Newt Gingrich this week called Barack Obama a "food stamps" president and said he wants to help poor people learn "learn how to get a job, learn how to get a better job, and learn someday to own the job."
Kos readers probably will not be surprised to learn that Newt, once again, made a horse's hind end of himself. How did he do it this time? Well, he said poor people need to learn how to "own the job" when, in fact, most Americans cannot (by law) "own" their jobs.
The Legal Schnauzer blog helps explain:
Here is the reality that Newt Gingrich is ignoring: The overwhelming majority of Americans work under an "at will" arrangement. At-will employment is a legal doctrine that means either party in an employment environment can break the relationship without liability, unless a contract expressly states otherwise.
According to the National Conference of State Legislatures (NCSL), Montana is the only state where at-will employment does not prevail.
What exactly does this mean? It means almost all Americans are extremely vulnerable in the workplace, whether they are poor or pretty well off. Under the law, most Americans can't "own" their jobs, no matter how hard they try. More from Legal Schnauzer:
The basic tenet of at-will employment is this: "You can be fired for a good reason, a bad reason, or no reason at all." Talk to any employment lawyer, and you are likely to hear those words verbatim. The only exception, for the most part, is if an employer violates a federal discrimination law, and those generally are limited to characteristics such as race, gender, age, national origin, religion, or disability.
Having been fired in May 2008 from my job as a university editor, after 19 years on the job and with a spotless work record, I know first-hand how tenuous your hold on any job can be in the US of A.
The bottom line? Most Americans have zero protections in the workplace. If you have a well-crafted employment contract, that should protect you for the term of the contract. If you own the company, you probably own your job. If you fit into any of the discrimination categories above, an employer is likely to think twice before firing you. But I've learned that there is not much reason for many employers, especially large ones, to worry much about discrimination because they are likely to get away with it.
How is this possible? Well, the system is stacked against employees:
Check in your local phone book or do a Web search for "employment lawyers." Look closely for information about the kinds of cases a lawyer takes. Here's a helpful hint: A lawyer who represent plaintiffs, employees who allege to have been wronged in the workplace, usually will call himself a "discrimination lawyer" or something along those lines; a lawyer who represents defendants, employers who have been charged with wrongdoing in the workplace, usually call themselves "labor and employment lawyers."
My unofficial research indicates that for every plaintiffs' lawyer in the employment arena, there are probably 50 defendants' lawyers. And I think that is conservative. The ratio probably is more like 1:100. Plaintiffs' employment lawyers usually are solo practitioners or they work in a small shop of three to five lawyers. Employment defense lawyers tend to work in big firms, with 50 lawyers or more. Who do you think has more pull and resources?

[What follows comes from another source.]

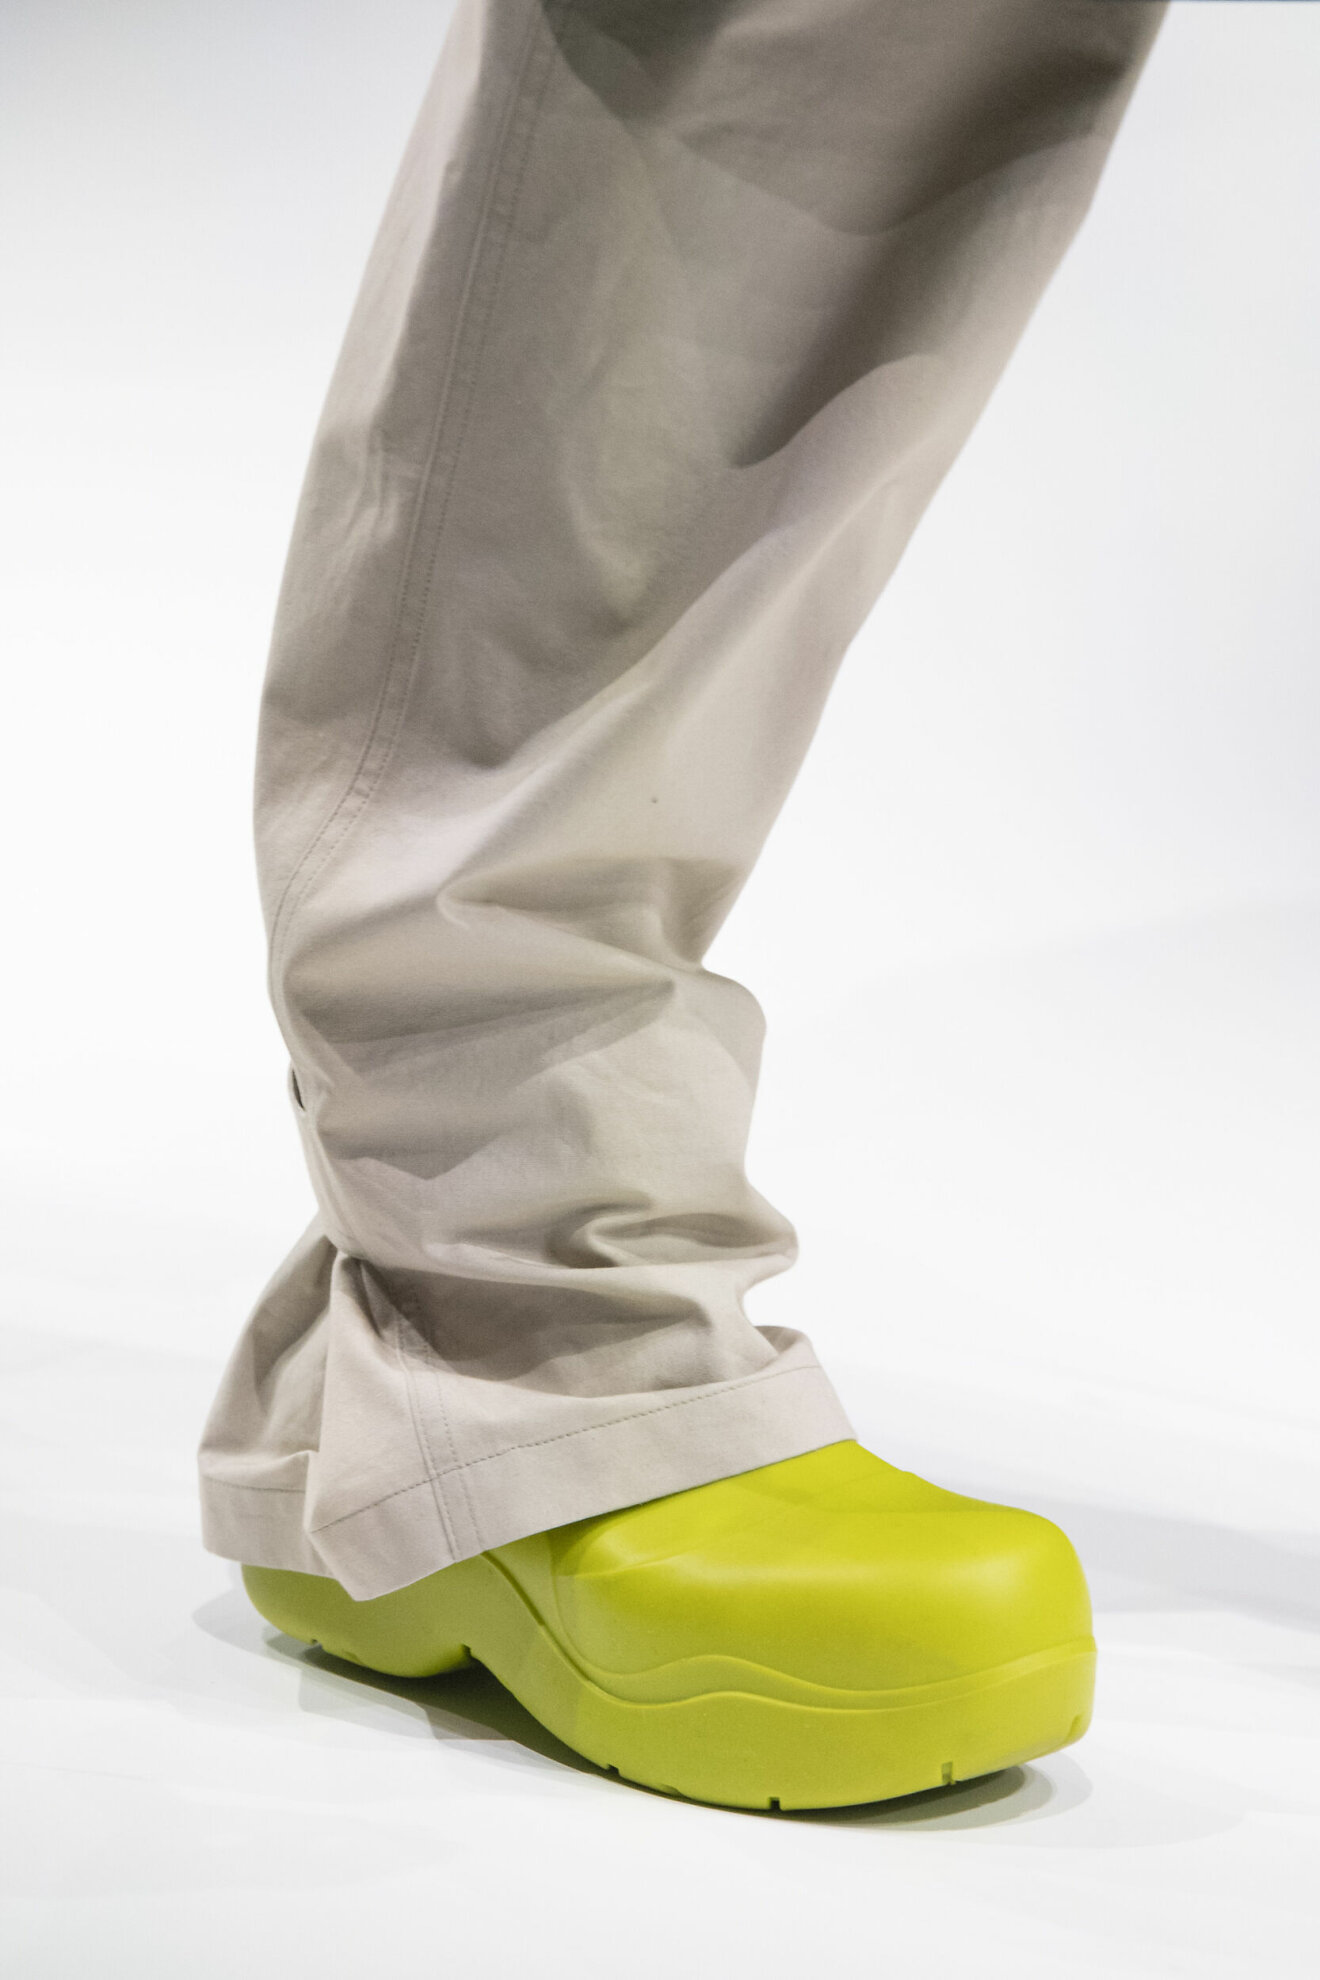 Limegröna puddle boots, stövlar från Bottega Veneta.

Here is an even bigger kick in the pants for American workers: Discrimination usually is governed by federal laws, so that means employment cases almost always are heard in U.S. courts. Federal judges are appointed at the presidential level, so they tend to come from large, politically connected law firms. And what kind of clients do those firms tend to represent in the employment arena? They represent employers-- the bigger, the better because big companies tend to generate lots of discrimination cases, and that means more cash for the lawyers.
Newt defenders might say he didn't mean that the poor should literally strive to own their jobs; he was talking in a figurative sense. But Americans don't "own" their jobs in any sense of the word. They don't even "rent" their jobs. Remember, most Americans can be fired for "a good reason, a bad reason, or no reason at all." I'm not an expert on tenant/landlord law, but I suspect even the lowliest of renters have more protections than that:
When Newt Gingrich says Americans need to learn how to "own" their jobs, he is full of elephant feces. If you are in a union, you have some protections on the job. But you essentially pay dues in order to "own" union membership and the protection it affords; you don't "own" a job.
Is Newt Gingrich, in a roundabout way, advocating union membership? I doubt it.